= ABOUT THIS EXERCISE =
Among the lines below, take the one holding "Burberry T Shirt - Giltenergy", the one holding "Free Printable Number", and all lines between them. Set them down exactly.
** GIVEN INFORMATION follows **
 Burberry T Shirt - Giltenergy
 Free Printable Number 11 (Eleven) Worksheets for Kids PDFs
** End of GIVEN INFORMATION **
** GIVEN INFORMATION follows **
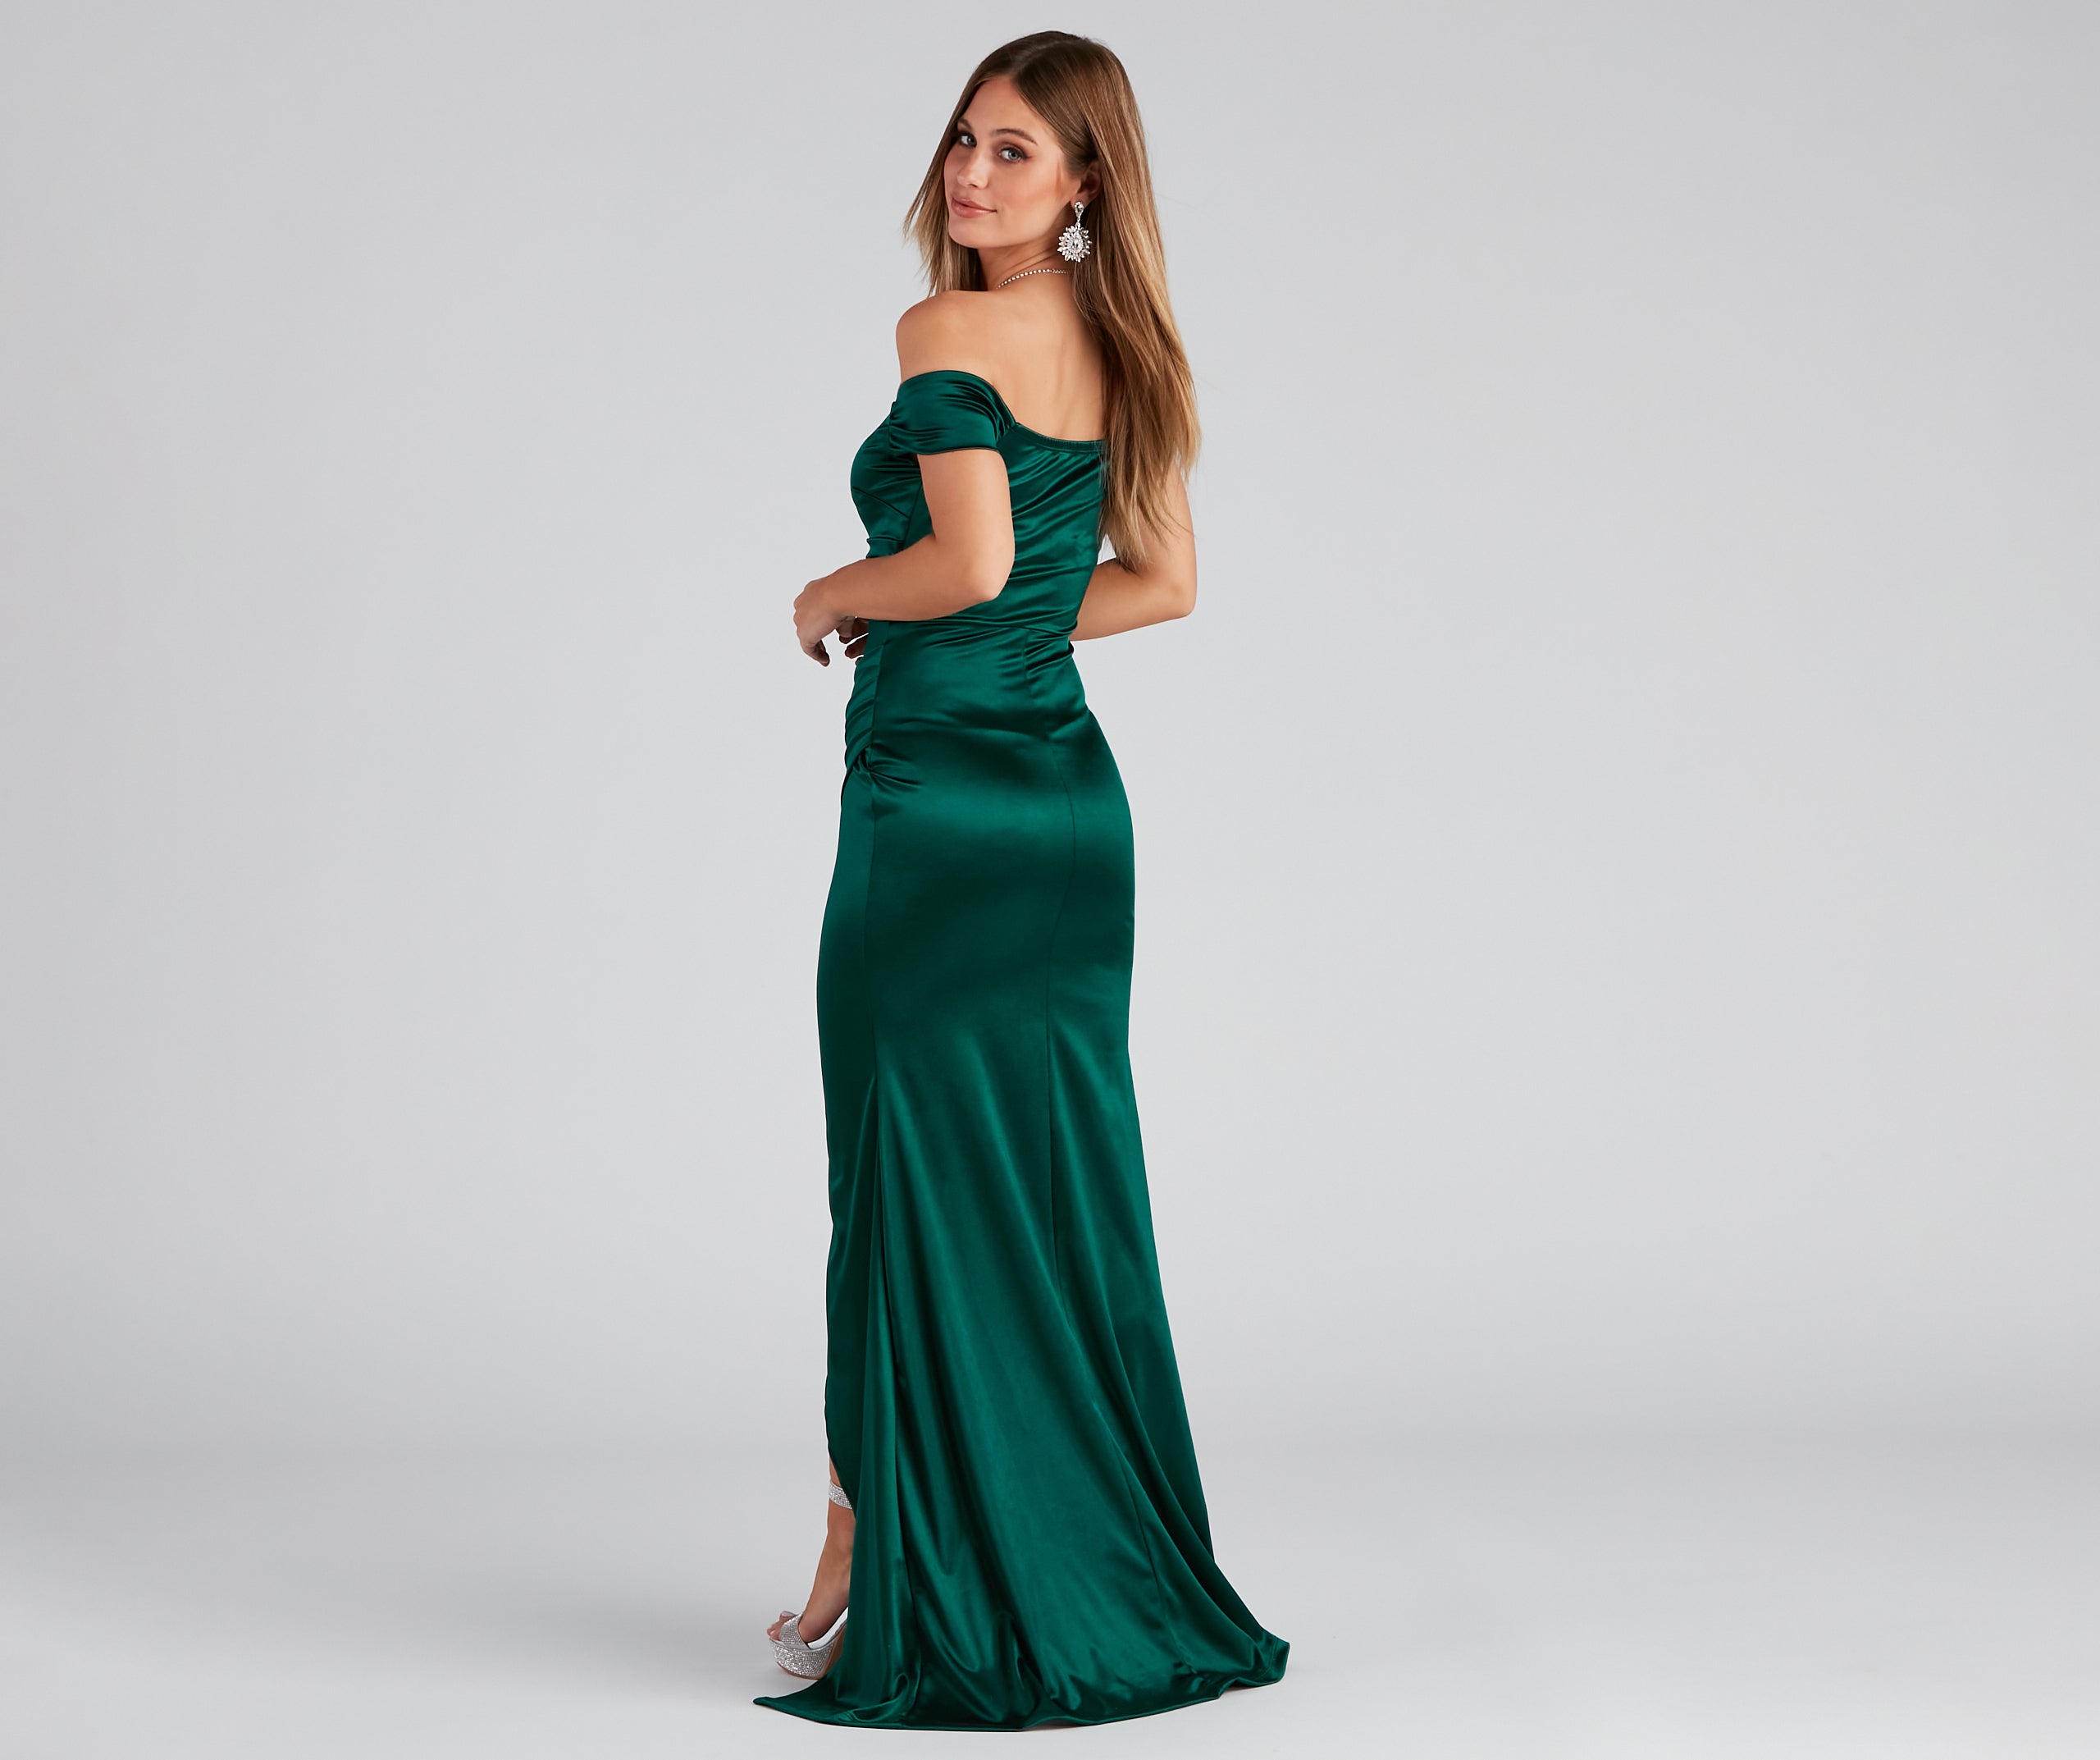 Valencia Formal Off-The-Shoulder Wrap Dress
** End of GIVEN INFORMATION **
= YOUR SOLUTION =
 Burberry T Shirt - Giltenergy
 Free Printable Number 11 (Eleven) Worksheets for Kids PDFs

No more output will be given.